One reason it is so striking – as I’m sure many of you have experienced – is that things that happened only six or seven weeks ago seem like a lifetime ago. Each week back is a significantly different world. Yesterday I listened our March 4th episode. This was coming off Super Tuesday. Matt Shuham was filling in for Kate Riga, who was getting settled into Washington, DC after her move from New York. Super Tuesday, which was the night before, was still a key focus but Coronavirus was already a big part of the discussion. I remembered all of this hazily. But so much has been layered on since that I was reminded of one of the most uncanny, surreal parts of those few days in late February and early March.

In these critical days there was still very little clear messaging from the federal government. Indeed, there wasn’t a lot from any level of government.
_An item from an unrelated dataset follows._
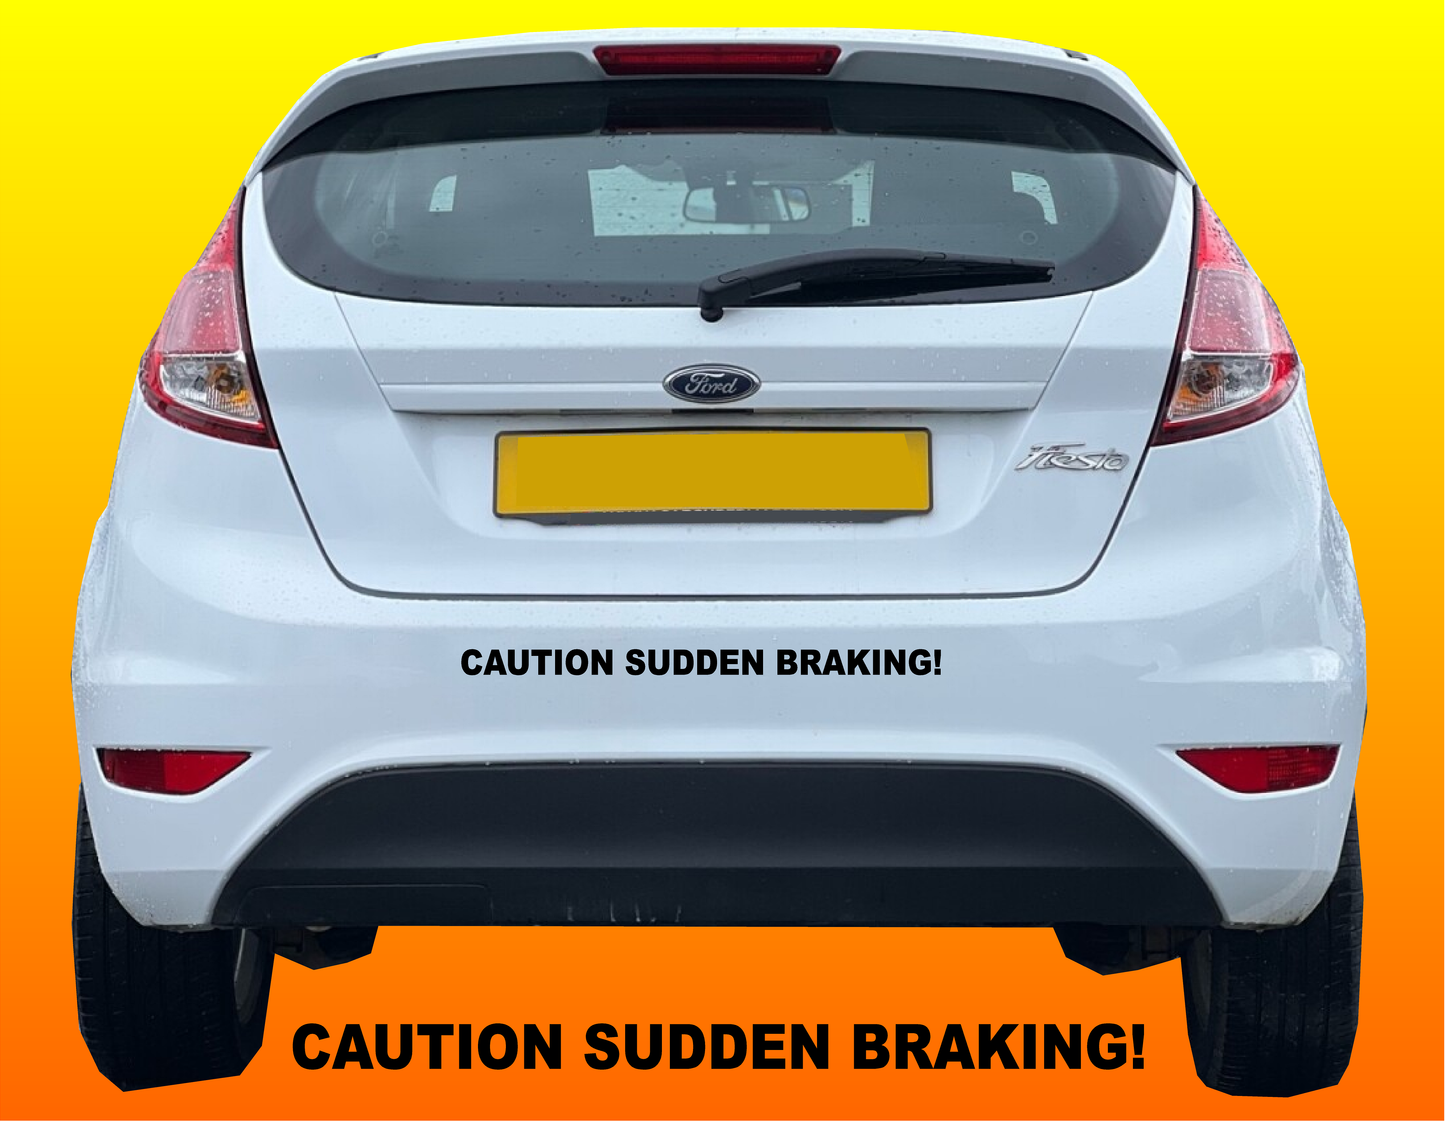 Caution sudden braking sticker

There were press conferences here and there but the general message was still the risk is low; go about your normal activities; no need for panic. But while this was happening numerous TPM Readers around the country were hearing from employers – often large national or international corporations – moving employees to remote work, canceling international travel, then domestic travel, then ordering employees on remote locations to return to their home bases immediately. Meanwhile we were hearing from TPM Readers and TPM Reader clinicians from in and around Kirkland, Washington. What was happening? Were there five cases or 500 or 5,000? They were being told to limit contact with other people but go about their normal activities – two directives that weren’t easy to reconcile.
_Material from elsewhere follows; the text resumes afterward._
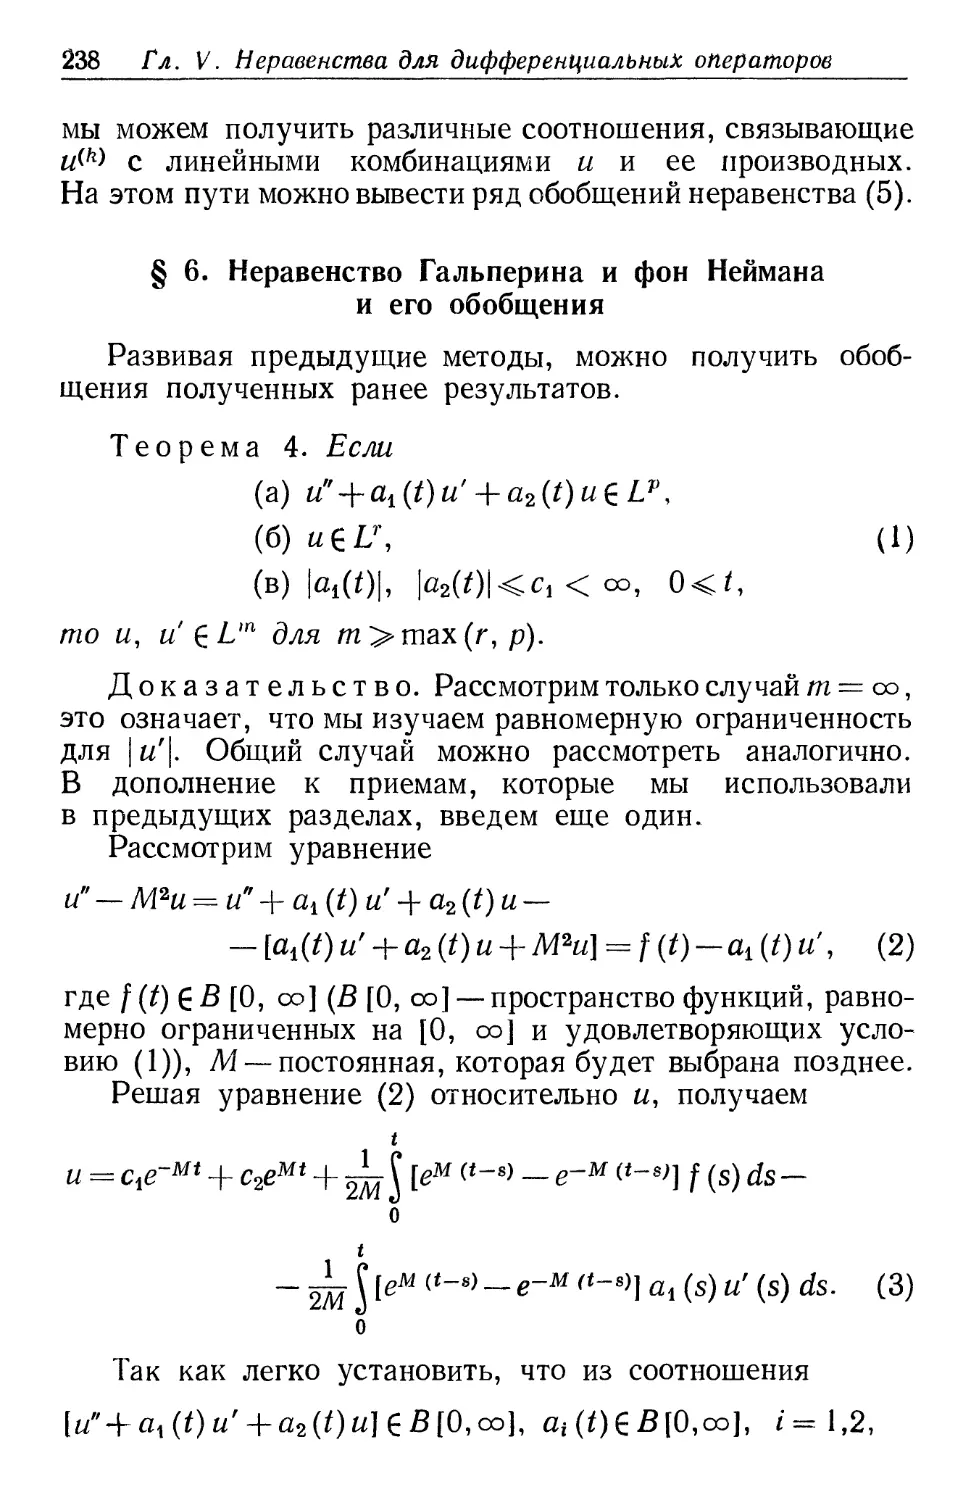 § 6. Неравенство Гальперина и фон Неймана и его обобщения

In different ways both streams of information told a similar story. The national message was still basically everything is okay. But more than everything is okay it was mostly silence – especially at the federal level but to a degree at all levels, no doubt because with a novel disease from abroad about which little was known local governments weren’t in much position to know what to tell people. Our email channel from readers gave us a unique view into this. At the surface level, national life was still close to business as usual. But just under the surface, the private economy was already starting to shut down. Lots of people knew their company was already ramping down. It was hard to know half the other companies across the country were doing the same. Even the press had a hard time fully getting its collective hands around the story because no individual company had much interest in telling it. The big moves were in international commerce and travel and in the tech sector which is anchored on the west coast and deeply tied into the Pacific Rim economy. But the private sector seemed to know what was happening and be making it happen before the federal government fully awoke to the reality.
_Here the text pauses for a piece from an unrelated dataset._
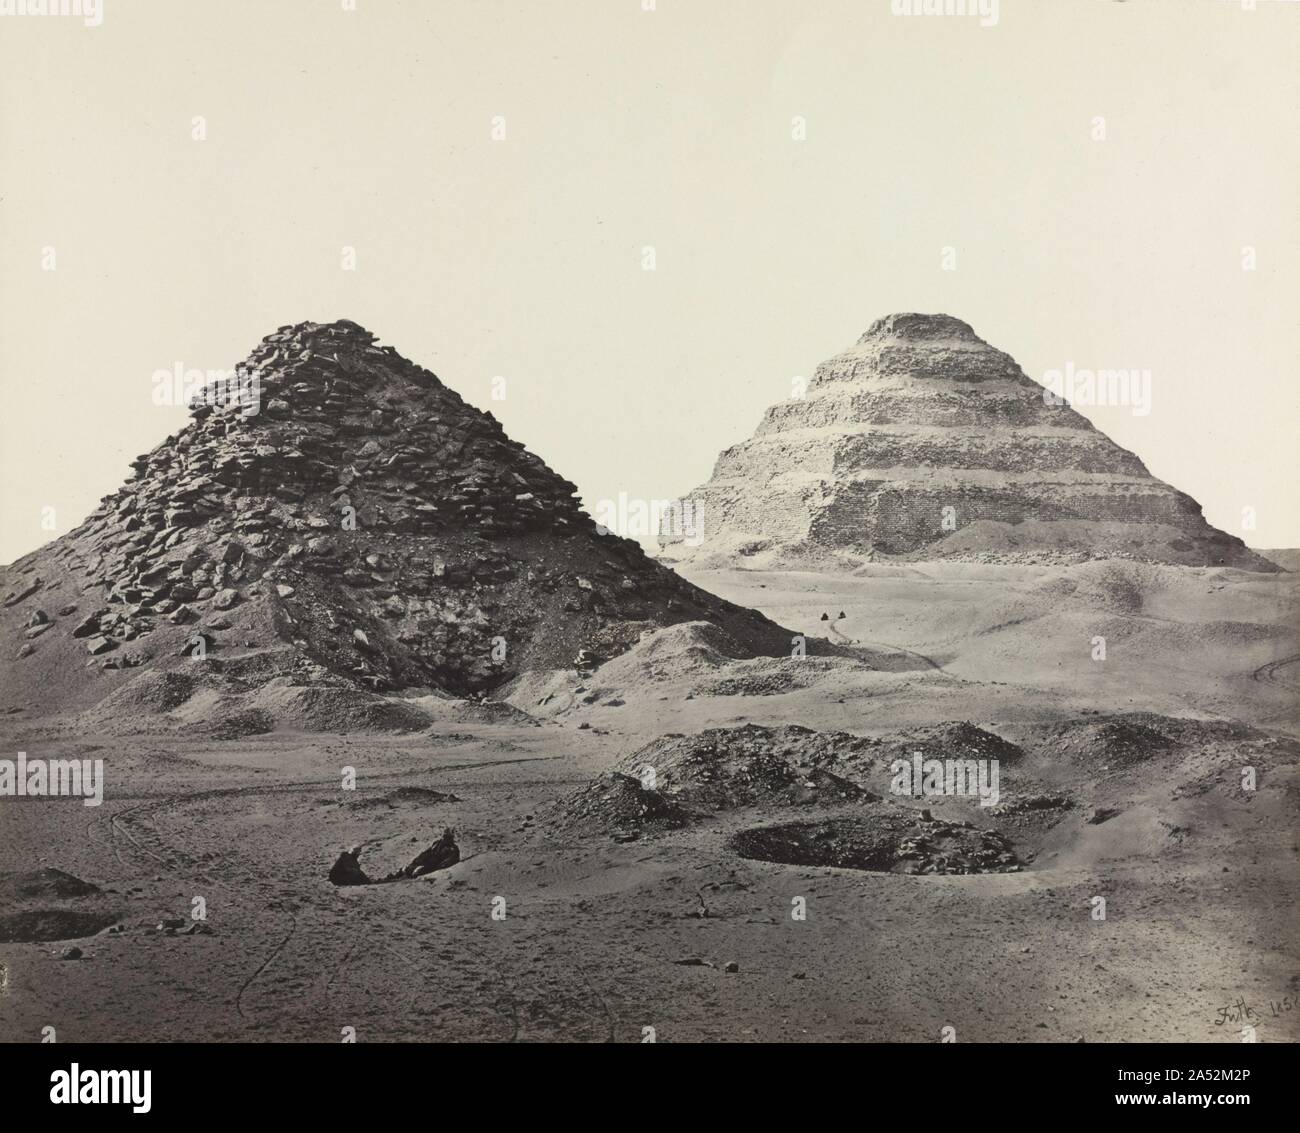 Le Piramidi di Saqqara, da nord-est, 1858. Frith è stato il primo fotografo in Egitto per utilizzare con successo il collodio umido processo, introdotto nel 1851. La sua piastra di vetro negativi hanno dato più nitidi e immagini più dettagliate rispetto a quelle della carta. Egli ha anche creato la piastra di mammoth stampe, come questa dimensione è chiamato, che richiedeva ugualmente grande lastra di vetro negativi. Perseguendo il processo&#x2019;s esigente chimica in Egitto&#x2019;s sole cocente stava cercando. Frith talvolta cercato rifugio nelle tombe per l'aria fredda e tenebre per elaborare i suoi piatti. "Io stesso spinta indietro sulle mie mani e ginocchia, Foto Stock

I remembered this liminal moment. But it had been buried over by all the subsequent events: the controversies over testing, ventilators, lockdown orders, the President’s early February travel ban and so much else. But here at the outset of the US part of the crisis in late February was the now-familiar pattern: a distracted federal government, disorganized in its response, dominated by the personal drama of the chief executive and generally absent while the society itself was moving half organically in the absence of any guidance from above. Beneath the storm and gravitation of the President’s predatory personality the story, the pattern has been consistent throughout.